§ Problem
Transcribe nothing except the lines below that run from the one with "1926 Ford Model" to the one with "holzhaus detail fassade", ends included, and do not copy any picture.

§ Source records
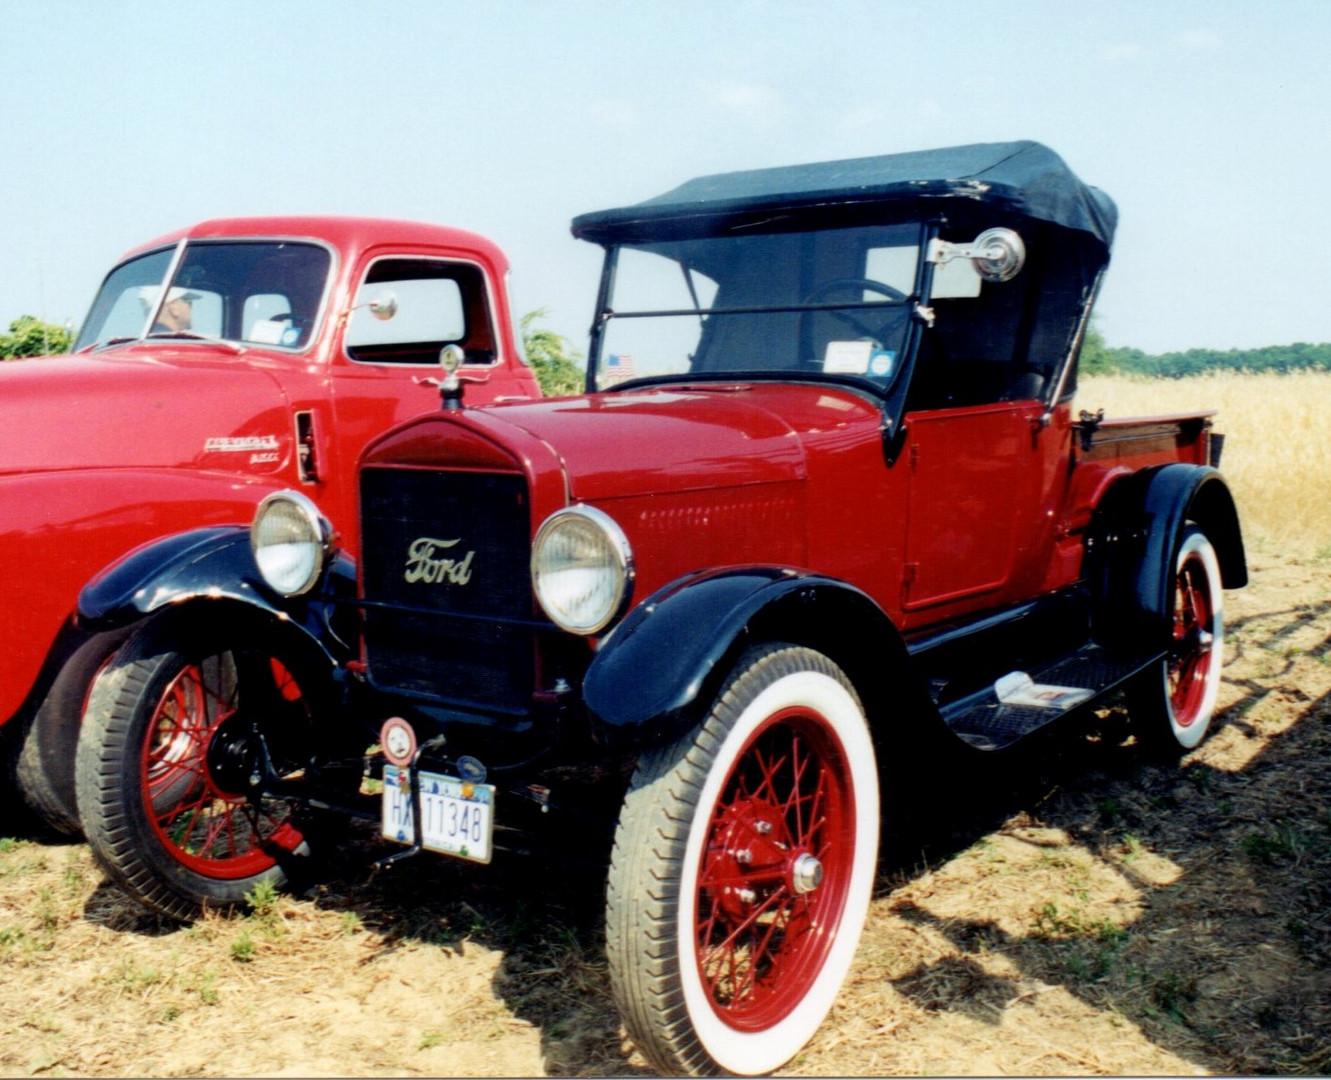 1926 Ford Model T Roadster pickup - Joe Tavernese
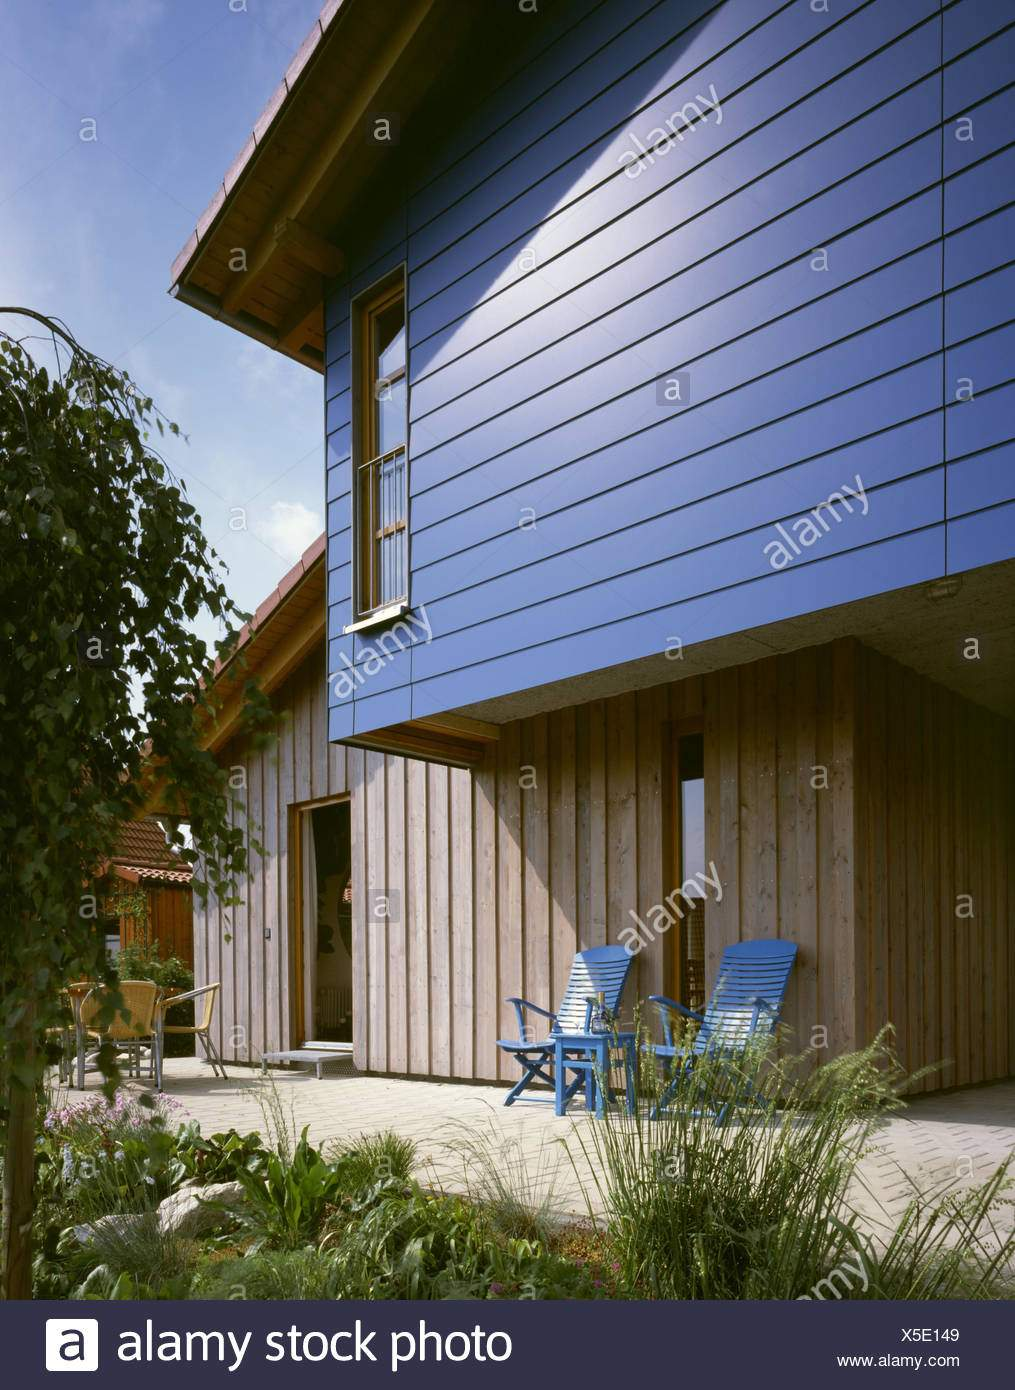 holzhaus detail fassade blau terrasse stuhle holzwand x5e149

---

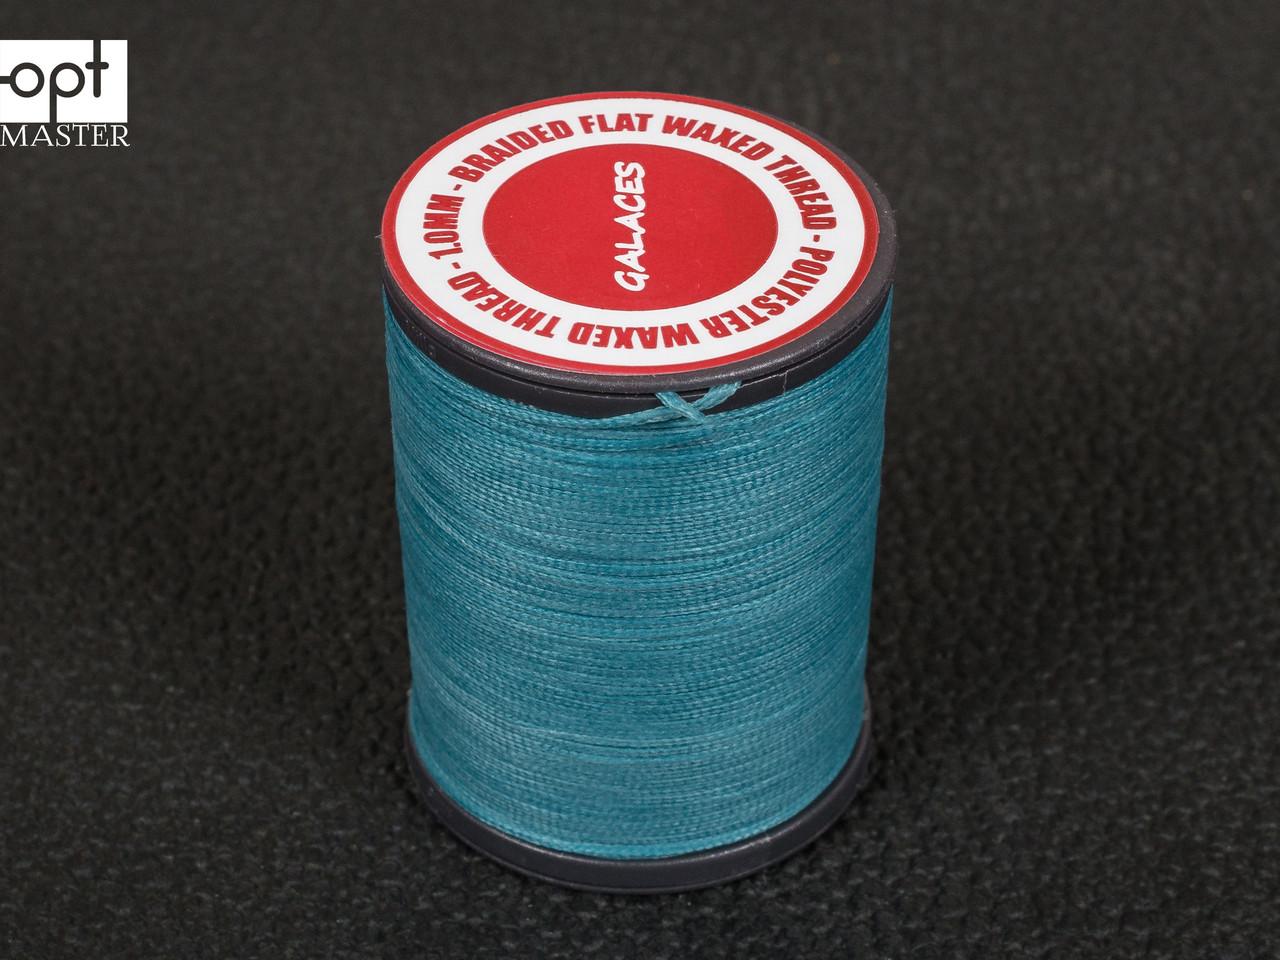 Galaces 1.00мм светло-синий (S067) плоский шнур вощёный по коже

§ Task output
 1926 Ford Model T Roadster pickup - Joe Tavernese
 holzhaus detail fassade blau terrasse stuhle holzwand x5e149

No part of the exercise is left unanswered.